DFA: China gives ‘no-build’ assurance in sea row talks
China has assured the Philippines that it would refrain from conducting any activities on uninhabited areas in the West Philippine Sea, Foreign Secretary Alan Peter Cayetano said on Friday.
Cayetano said the country had also made “gains” in its territorial dispute with China despite the latter’s transformation of three of seven Philippine-claimed reefs it had seized since 2007 into facilities that could accept fighter aircraft and naval vessels.
Beijing made the “no-build” commitment during a recent “no-holds-barred” Bilateral Consultative Meeting (BCM) in Manila between ranking diplomats from both countries last Feb. 13, he said.
Apart from sandbars and rock outcroppings, uninhabited areas in the West Philippine Sea once included Kagitingan (internationally known as Fiery Cross), Panganiban (Mischief) and Mabini (Johnson South) reefs—which China has transformed into military installations.
“There’s a commitment (made) by China and all other parties not to build on uninhabited sea features in accordance with the (proposed) declaration of the conduct in the South China Sea,” Cayetano told a press briefing.
He said the gains included Filipino fishermen’s access to Panatag (Scarborough) Shoal, which China seized in 2012, and the setting up of measures to protect the marine ecosystem in the disputed sea.
“Let me note that our fishermen are back exercising their livelihood in (Panatag Shoal), and, overall, the situation in the greater South China Sea has become stable than in past years,” the country’s top diplomat said.
Contrary to public perception, Cayetano said Manila had been actively bringing up the issues regarding Beijing’s aggressive militarization in the South China Sea and its construction of artificial islands.
“Just because we’re not announcing diplomatic actions (on the West Philippine Sea issue),” Cayetano said, “doesn’t mean we’re not taking it … We’re putting on record what has to be put on record.”
The Philippines was represented in the meeting by Foreign Undersecretary for Policy Enrique Manalo while its Chinese counterpart was led by Vice Foreign Minister Kong Xuanyou.
Cayetano said the meeting was important to the country because it tackled “parts of the arbitration award,” referring to Manila’s landmark victory against Beijing in the Permanent Court of Arbitration in The Hague in 2016.

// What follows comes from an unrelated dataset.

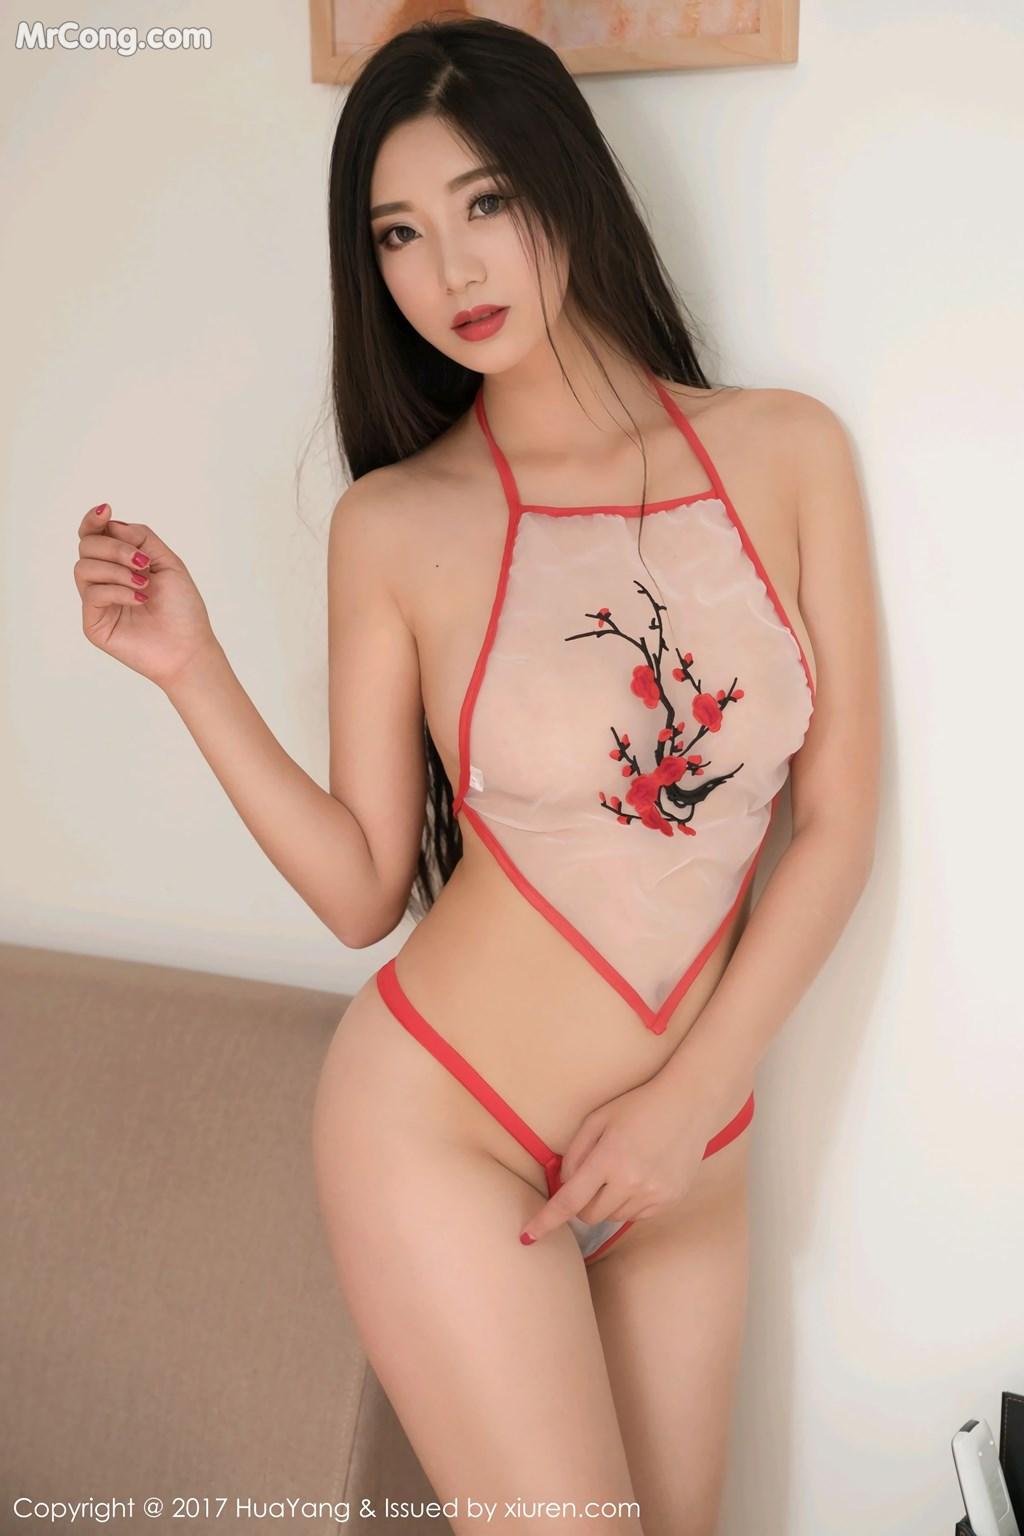 Image HuaYang-2017-11-10-Vol.015-KiKi-MrCong.com-016 in post HuaYang 2017-11-10 Vol.015: Người mẫu 宋-KiKi (45 ảnh)

The meeting was held a week after the Inquirer and INQUIRER.
net made public recent photos of China’s construction of military facilities in seven Philippine-claimed islands in the West Philippine Sea, a move seen by security experts as part of Beijing’s efforts to toughen its military muscle in the sea region.
It also coincided with the routine mission of the American warship USS Carl Vinson in the South China Sea, the disputed waterway through which some $5 trillion in trade passes each year.
Cayetano praised the bilateral meeting’s mechanism as an “important step toward resolving ongoing disputes between Manila and Beijing.”
“This (bilateral consultation) mechanism is here to strengthen the momentum of cooperation in matters of common interest, such as marine environmental protection, coordination between Coast Guards, and the protection of our fishermen, as well as the possibility of joint exploration,” he said.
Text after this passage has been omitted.